§ Source records
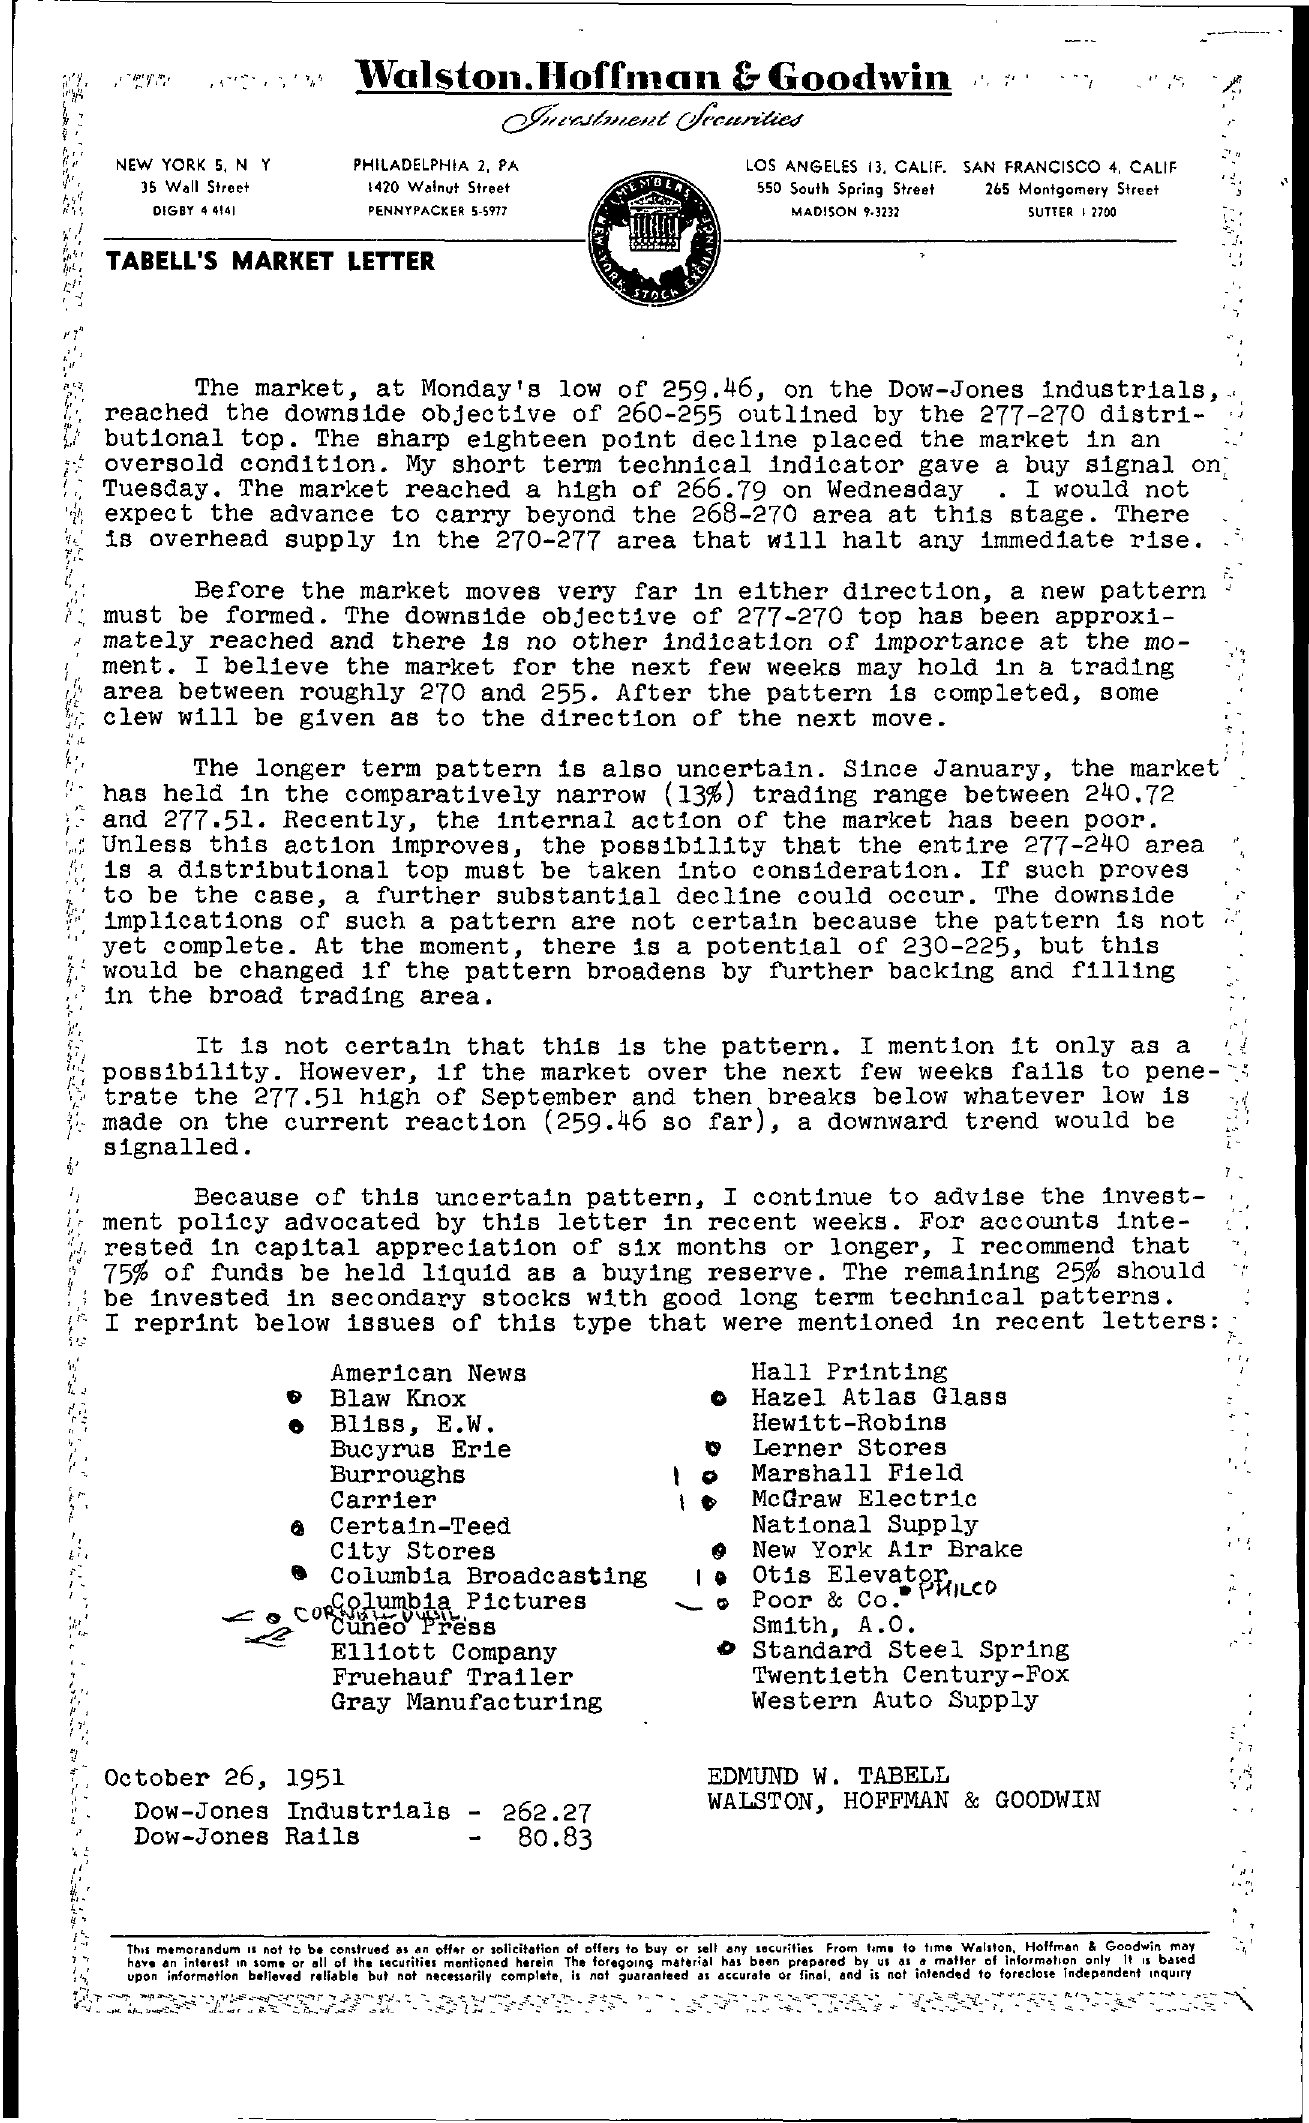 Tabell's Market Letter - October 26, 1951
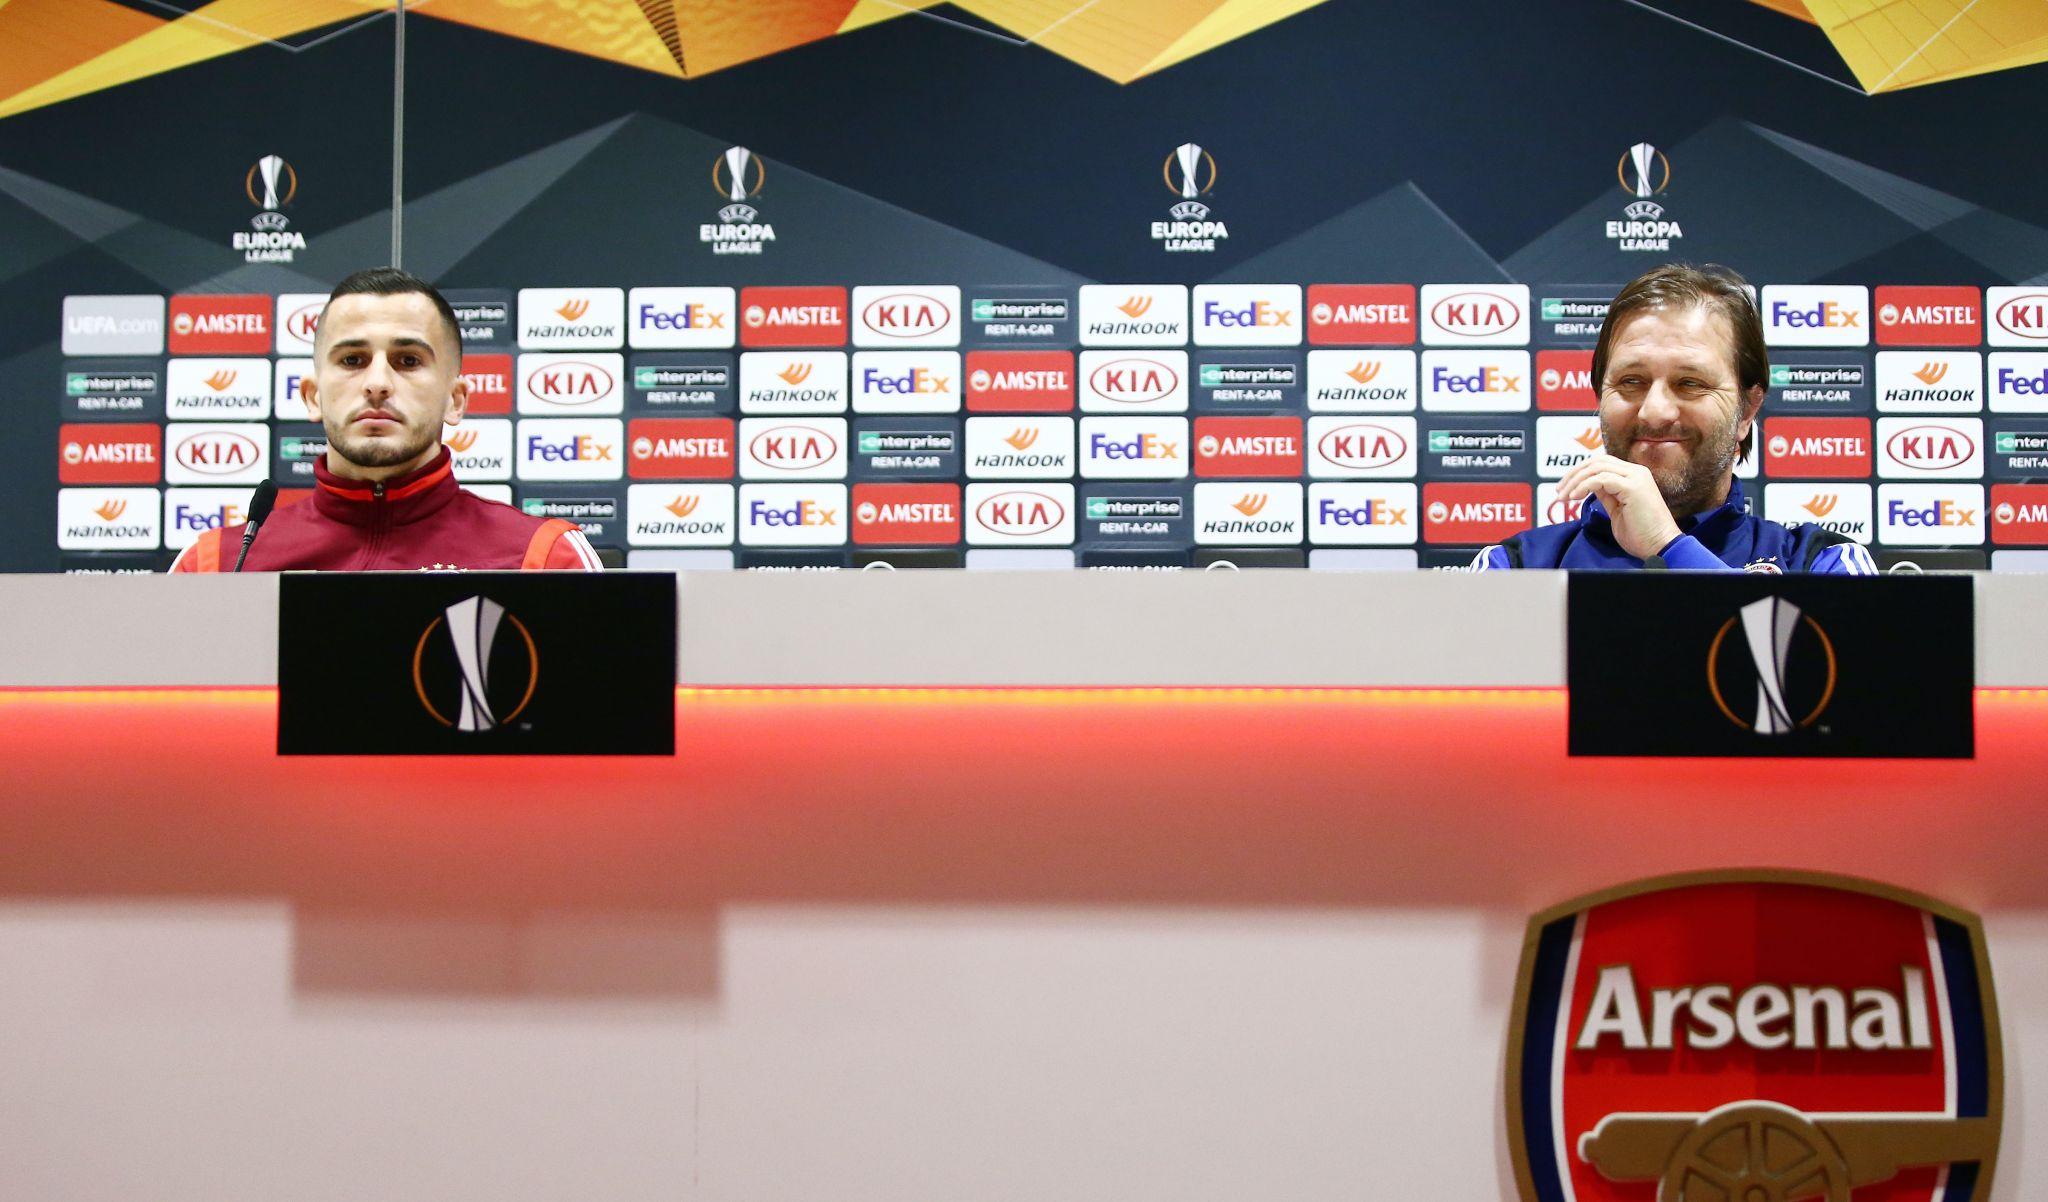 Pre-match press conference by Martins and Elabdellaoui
---
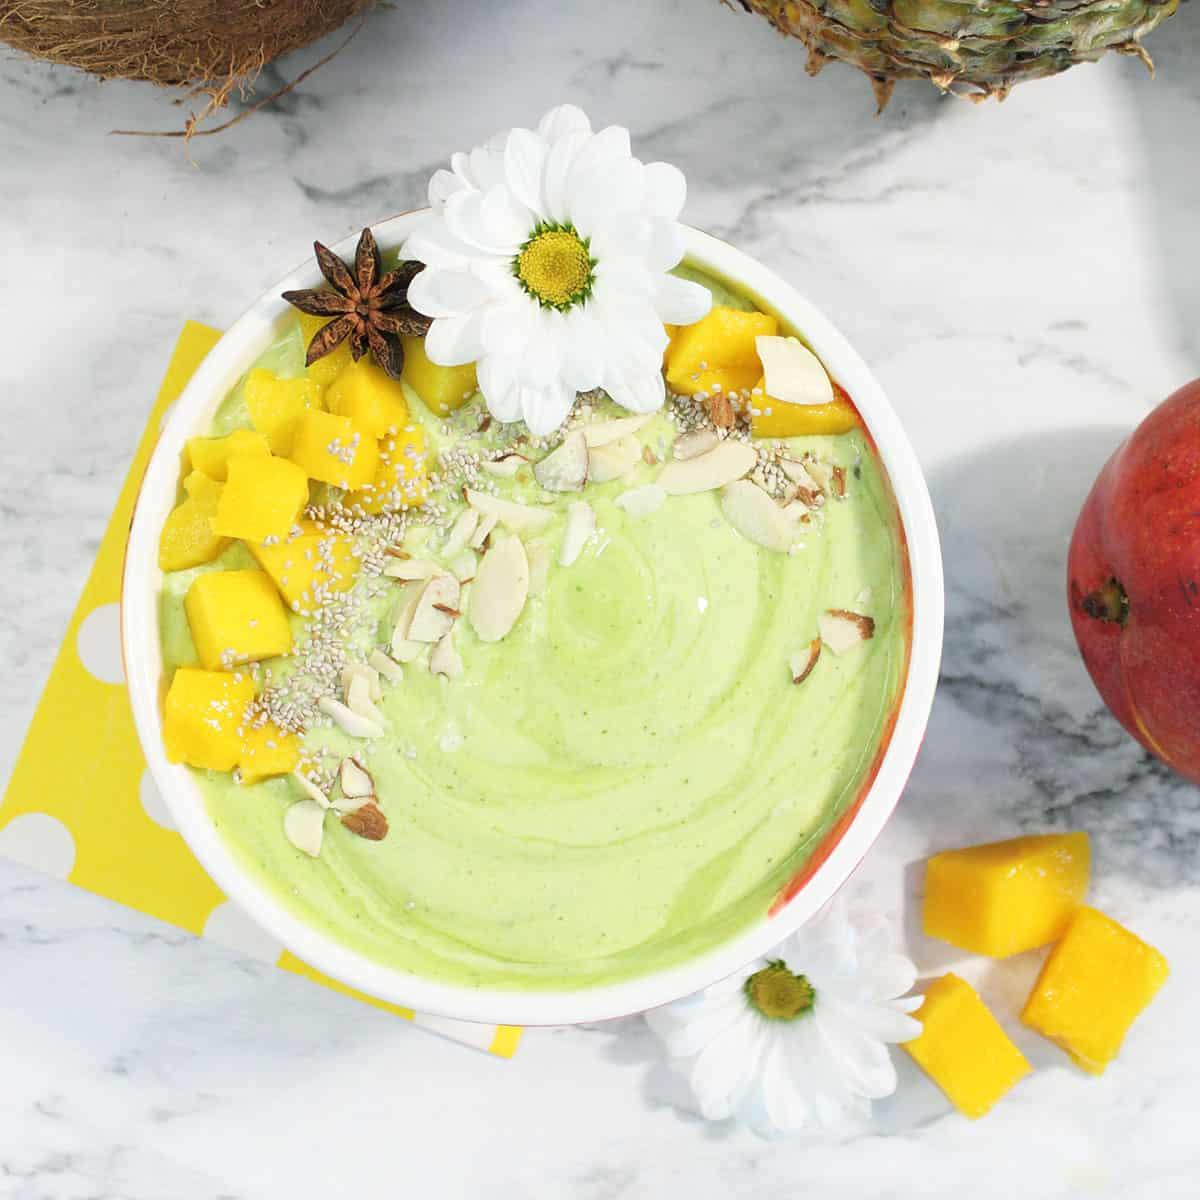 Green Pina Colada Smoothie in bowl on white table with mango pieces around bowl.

§ Description of the task
Above are the records; copy from them only the lines starting at the one containing "Tabell's Market Letter - October 26, 1951" and ending at the one containing "Pre-match press conference", exactly and without pictures.

§ Output for this task
 Tabell's Market Letter - October 26, 1951
 Pre-match press conference by Martins and Elabdellaoui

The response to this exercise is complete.